The universe would look a lot better if Earth’s atmosphere wasn’t photobombing it all the time.
Even images obtained by Earth’s best ground-based telescopes are blurred by shifting pockets of atmospheric air. Although seemingly harmless, this blur obscures the shapes of objects in astronomical images, sometimes leading to erroneous physical measurements that are essential to understanding the nature of our universe.
Now researchers at Northwestern University and Tsinghua University in Beijing have unveiled a new technique to solve this problem. The team adapted a well-known computer-vision algorithm used to sharpen photos and applied it to astronomical images from ground-based telescopes for the first time. The researchers also trained an artificial intelligence (AI) algorithm on the data to match the Vera C. Rubin Observatory’s imaging parameters, so, when the observatory opens next year, the tool will be instantly compatible.
While astrophysicists already use technology to remove blur, adaptive AI-powered algorithms work faster and produce more realistic images than current technology. The resulting images are blur-free and true to life. They are also beautiful – although this is not the purpose of technology
“The goal of photography is often to get a beautiful, beautiful-looking image,” said Northwestern’s Emma Alexander, senior author of the study. “But astronomical images are used for science. By cleaning the images in the right way, we can get more accurate information. The algorithm removes the atmosphere computationally, which enables physicists to get better scientific measurements. At the end of the day, the images do. It’s also better to look at.”
The study will be published on March 30 Monthly Bulletin of the Royal Astronomical Society.
Alexander is an assistant professor of computer science at Northwestern’s McCormick School of Engineering, where he directs the Bio-Inspired Vision Lab. He co-led the new study with Tianao Li, an undergraduate in electrical engineering at Tsinghua University and a research intern in Alexander’s lab.

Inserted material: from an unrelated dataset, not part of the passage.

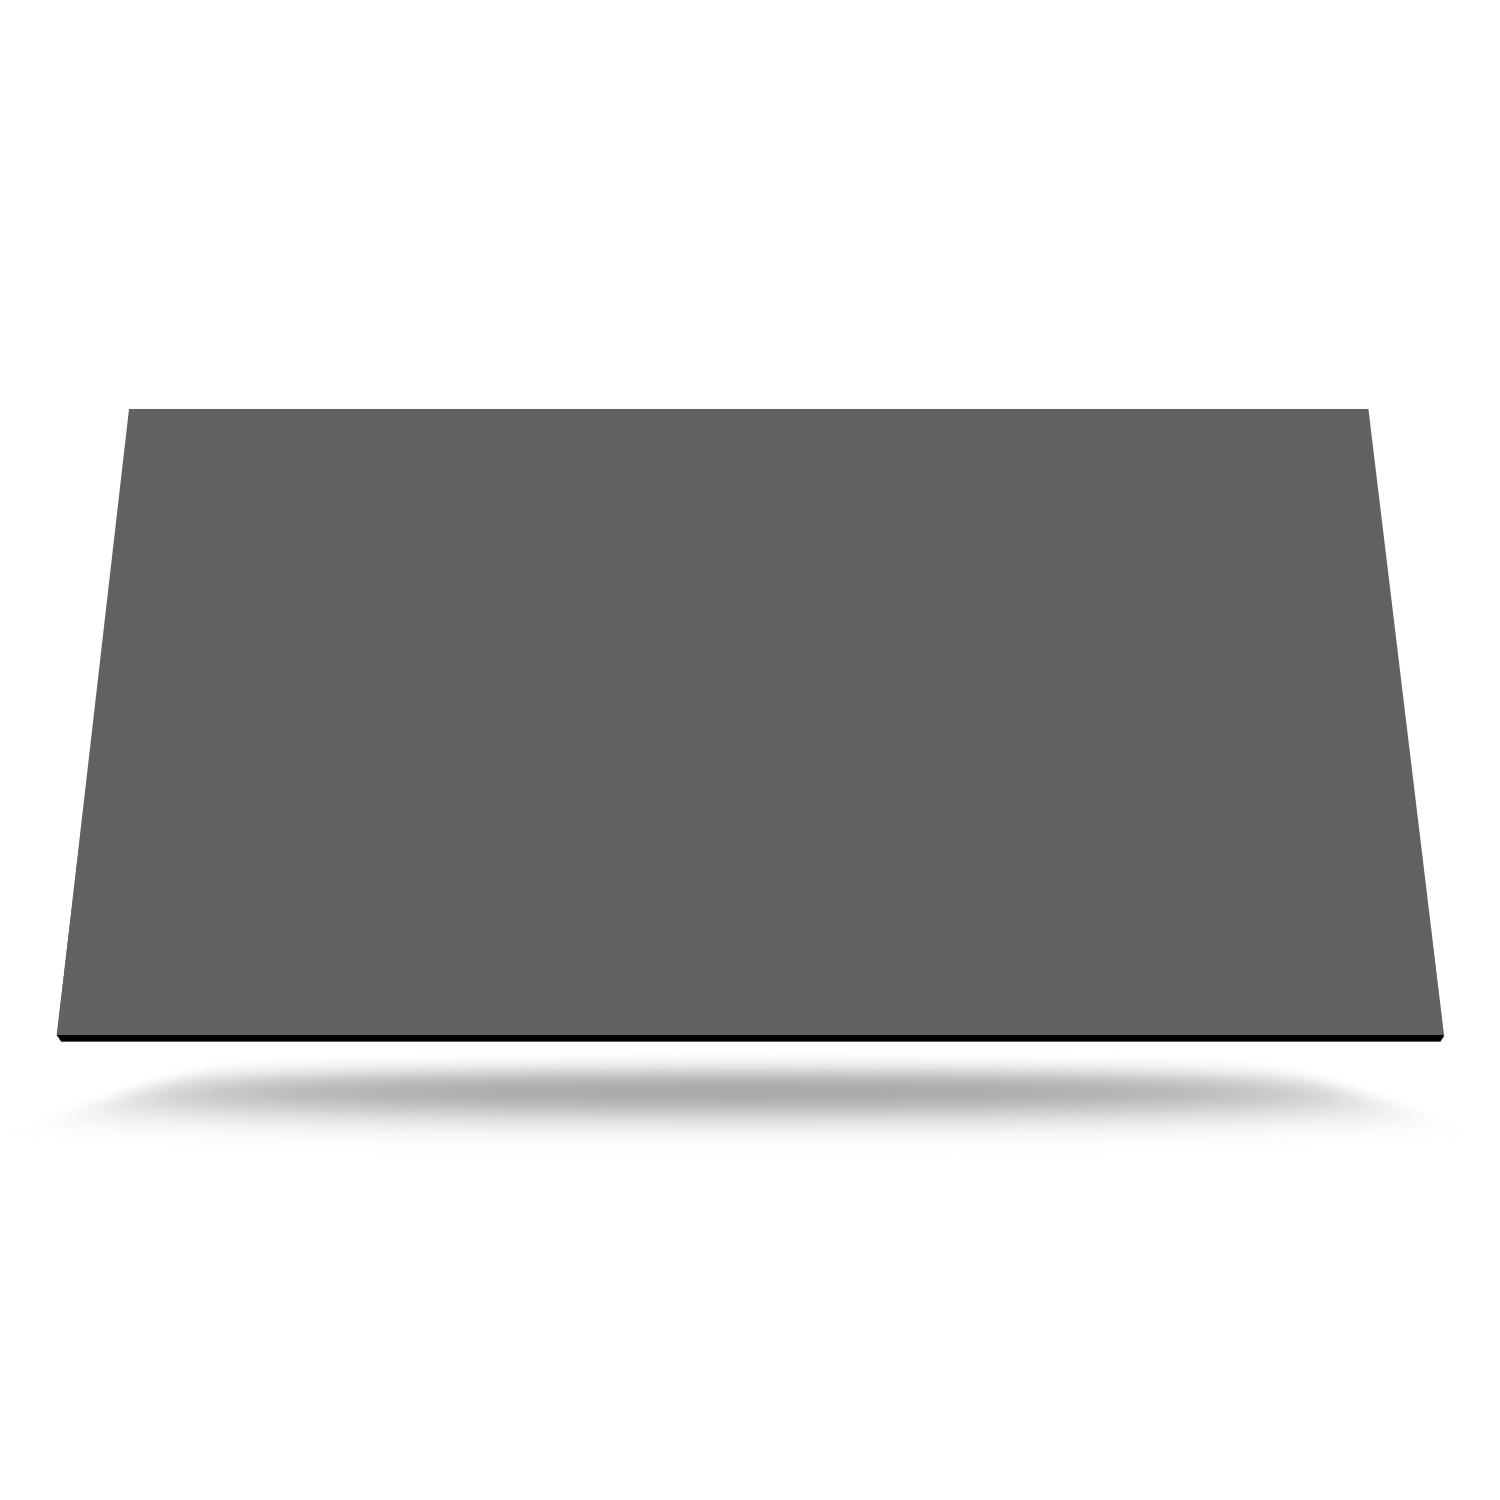 Kompaktlaminat bordplade BP6981 Surface Stål grå på mål

Light emitted from distant stars, planets, and galaxies travels through Earth’s atmosphere before reaching our eyes. Our atmosphere not only blocks certain wavelengths of light, it also distorts the light that reaches Earth. Even a clear night sky still has moving air that affects the light passing through it. This is why they flicker and why the best ground-based telescopes are located at high altitudes where the atmosphere is thinnest.
“It’s like looking up from the bottom of a swimming pool,” Alexander said. “Water pushes light around and distorts it. The atmosphere is definitely much less dense, but it’s a similar idea.”
Ambiguity becomes a problem when astrophysicists analyze the images to extract cosmic information. By studying the apparent shapes of galaxies, scientists can detect the gravitational effects of large-scale cosmic structures, which bend light on its way to our planet. It can make an elliptical galaxy spherical or more elongated than it is. But atmospheric blur stains the image in a way that distorts the shape of the galaxy. Removing ambiguity enables scientists to collect data of the right size.
“Slight differences in shape can tell us about the gravity of the universe,” Alexander said. “These differences are already hard to detect. If you look at an image from a ground-based telescope, a shape can be distorted. It’s hard to know if it’s due to a gravitational effect or the atmosphere.”
To address this challenge, Alexander and Lee combined an optimization algorithm with a deep-learning network trained on astronomical images. Among the training images, the team included simulated data that matched the expected imaging parameters of the Rubin Observatory. The resulting tool produced images with 38.6% fewer errors than classic blur removal methods and 7.4% fewer errors than modern methods.
When the Rubin Observatory officially opens next year, its telescopes will begin a decade-long deep survey of a vast swath of the night sky. As researchers train the new tool on data specifically designed to simulate upcoming images of Rubin, it will be able to help analyze the survey’s highly anticipated data.
For astronomers interested in using the tool, the open source, user-friendly code and accompanying tutorials are Available online.
“Now that we’ve shut down this instrument, we’ve put it in the hands of astrophysicists,” Alexander said. “We think it can be a valuable resource for sky surveys to obtain the most realistic data possible.”